------ Records for the task ------

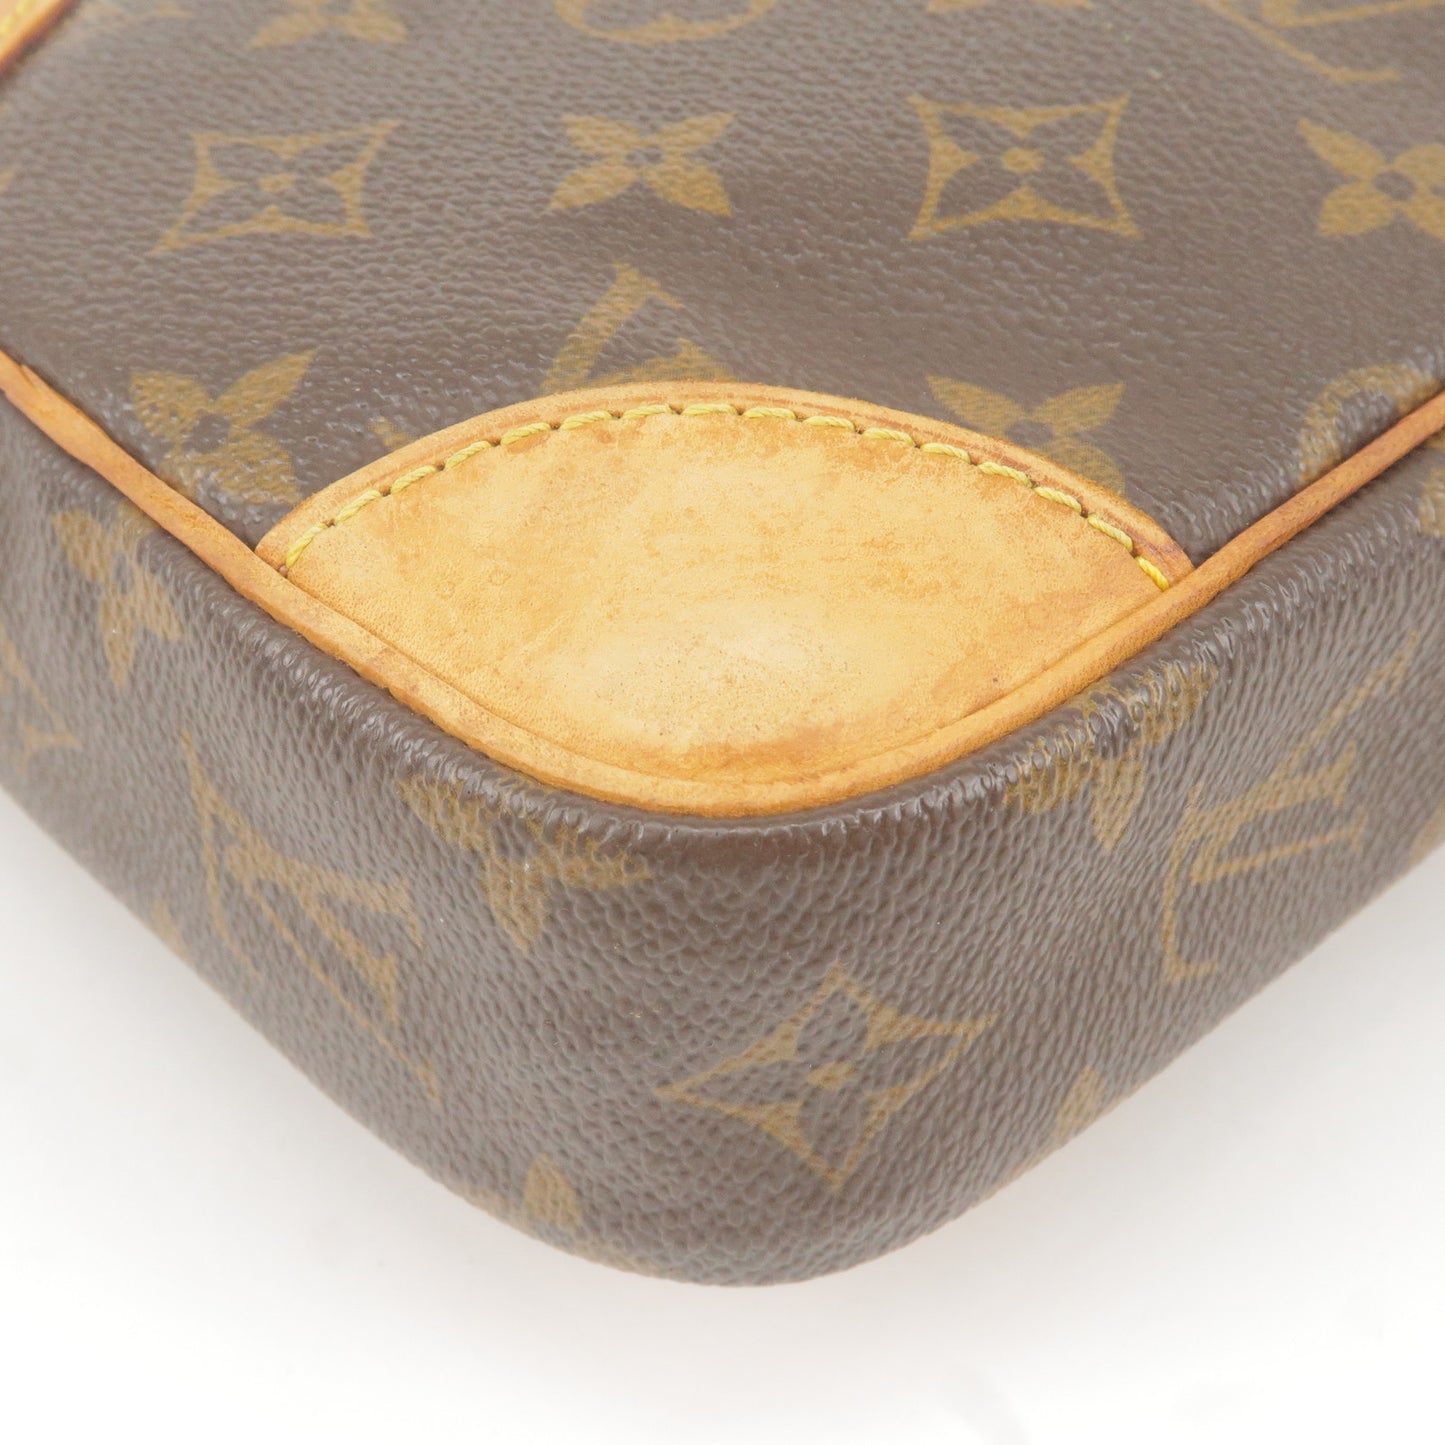 3zb1646] Auth Louis Vuitton Shoulder Bag Monogram Danube M45266
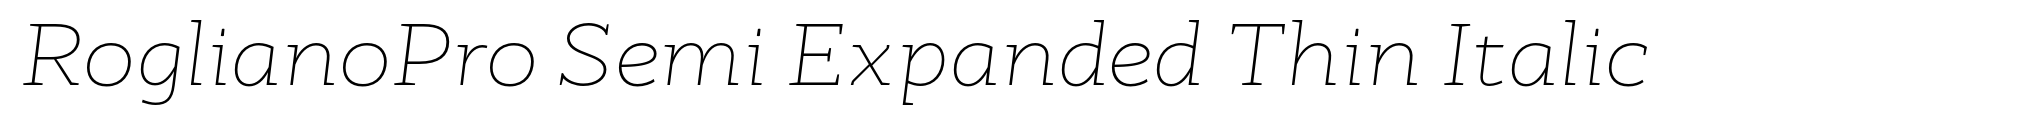 RoglianoPro Semi Expanded Thin Italic image
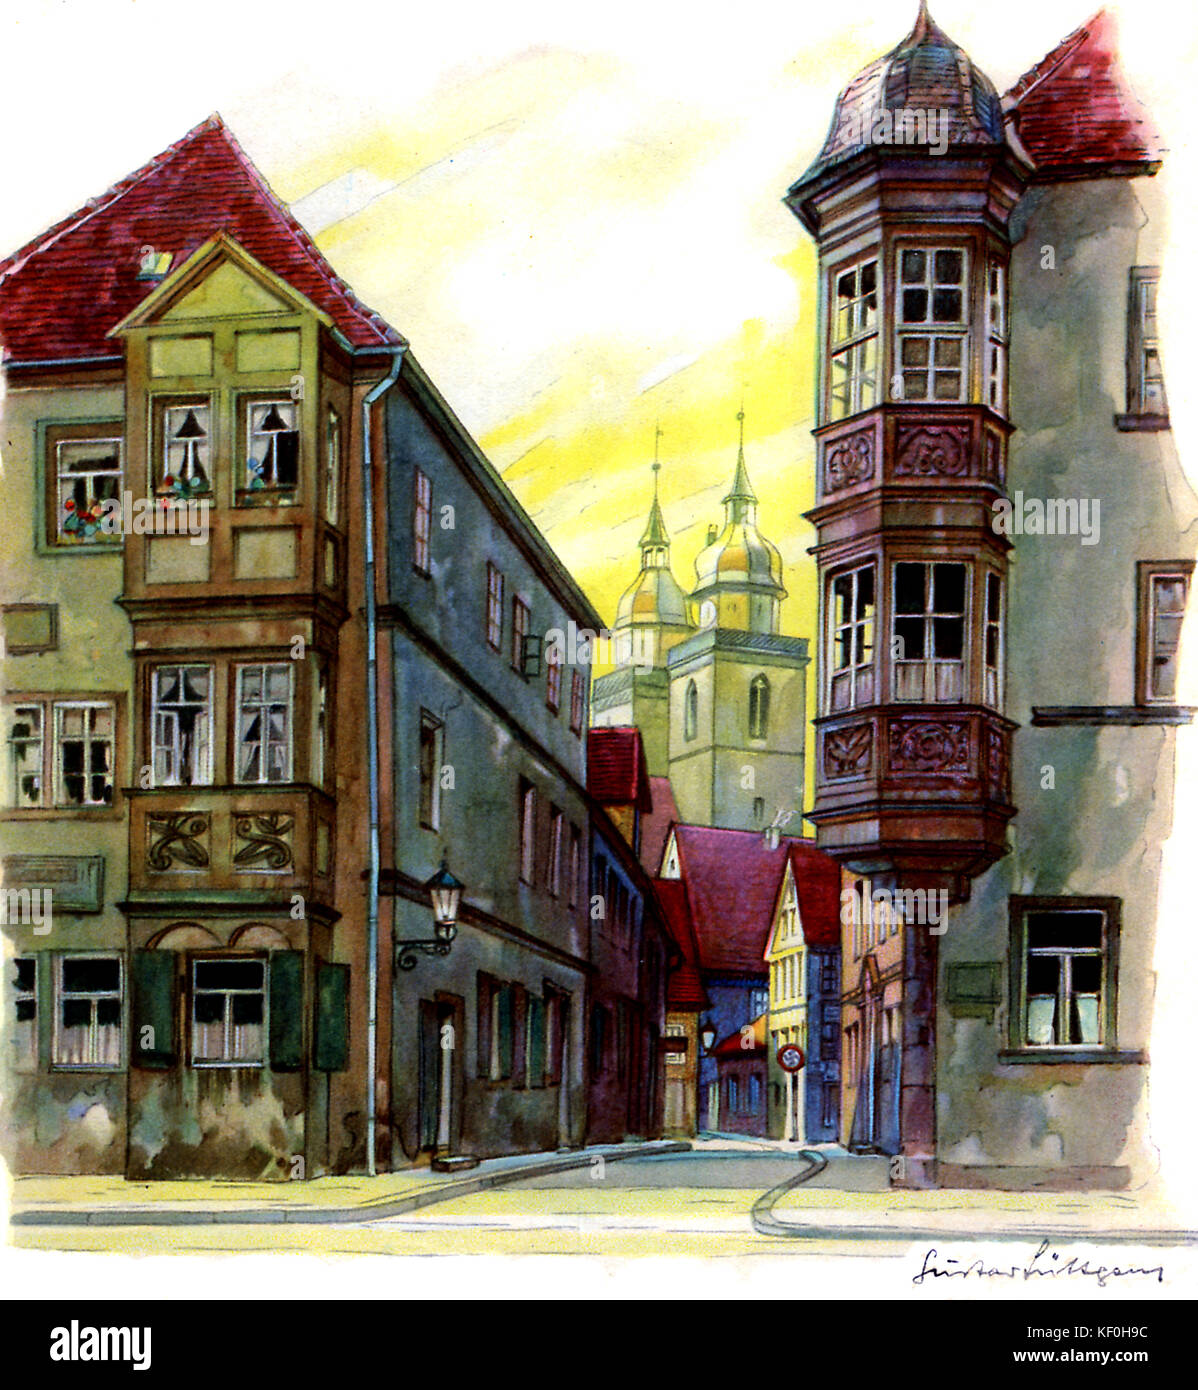 La ville de Bayreuth : vue pittoresque en 1938 brochure touristique publié pendant le Troisième Reich. Banque D'Images
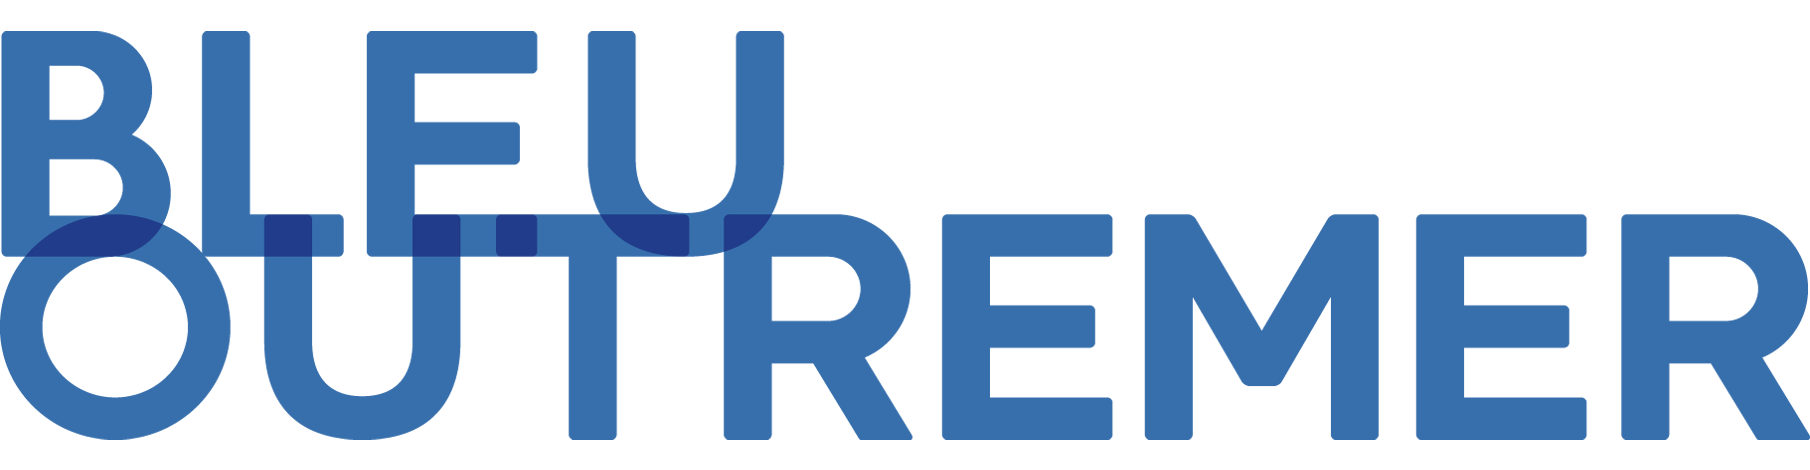 Bleuoutremer logo
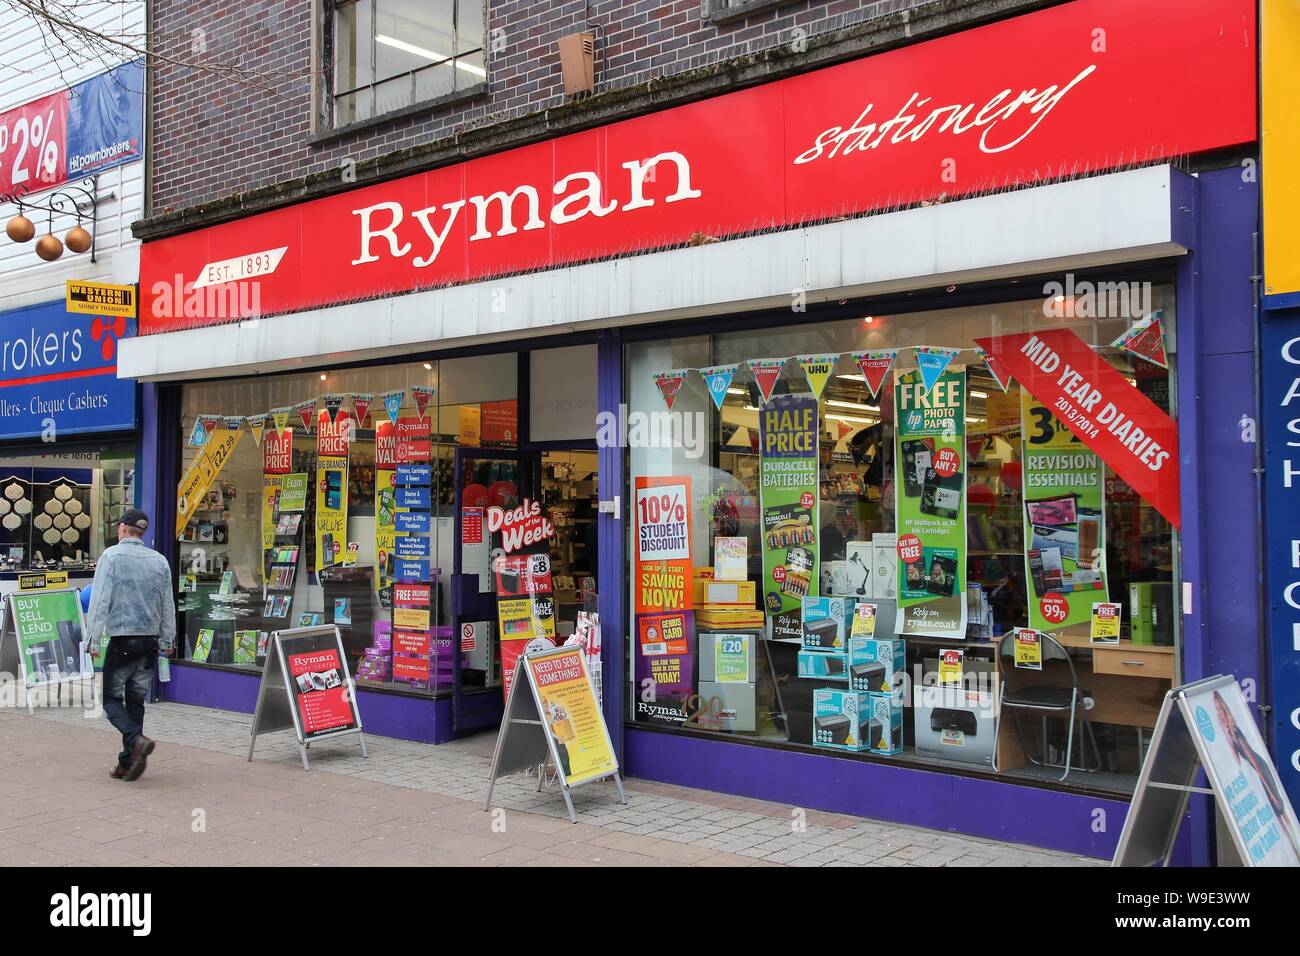 BOLTON, ANGLETERRE - 23 avril 2013 : personne marche par Ryman papeterie à Bolton, au Royaume-Uni. Ryman est une papeterie et fournitures de bureau au Royaume-Uni avec plus de détail Banque D'Images

------

### [What to produce]
Only the lines from the one containing "Bleuoutremer logo" through the last line of the entries above belong in the copy; reproduce them exactly and drop every picture.

### [Answer section]
 Bleuoutremer logo
 BOLTON, ANGLETERRE - 23 avril 2013 : personne marche par Ryman papeterie à Bolton, au Royaume-Uni. Ryman est une papeterie et fournitures de bureau au Royaume-Uni avec plus de détail Banque D'Images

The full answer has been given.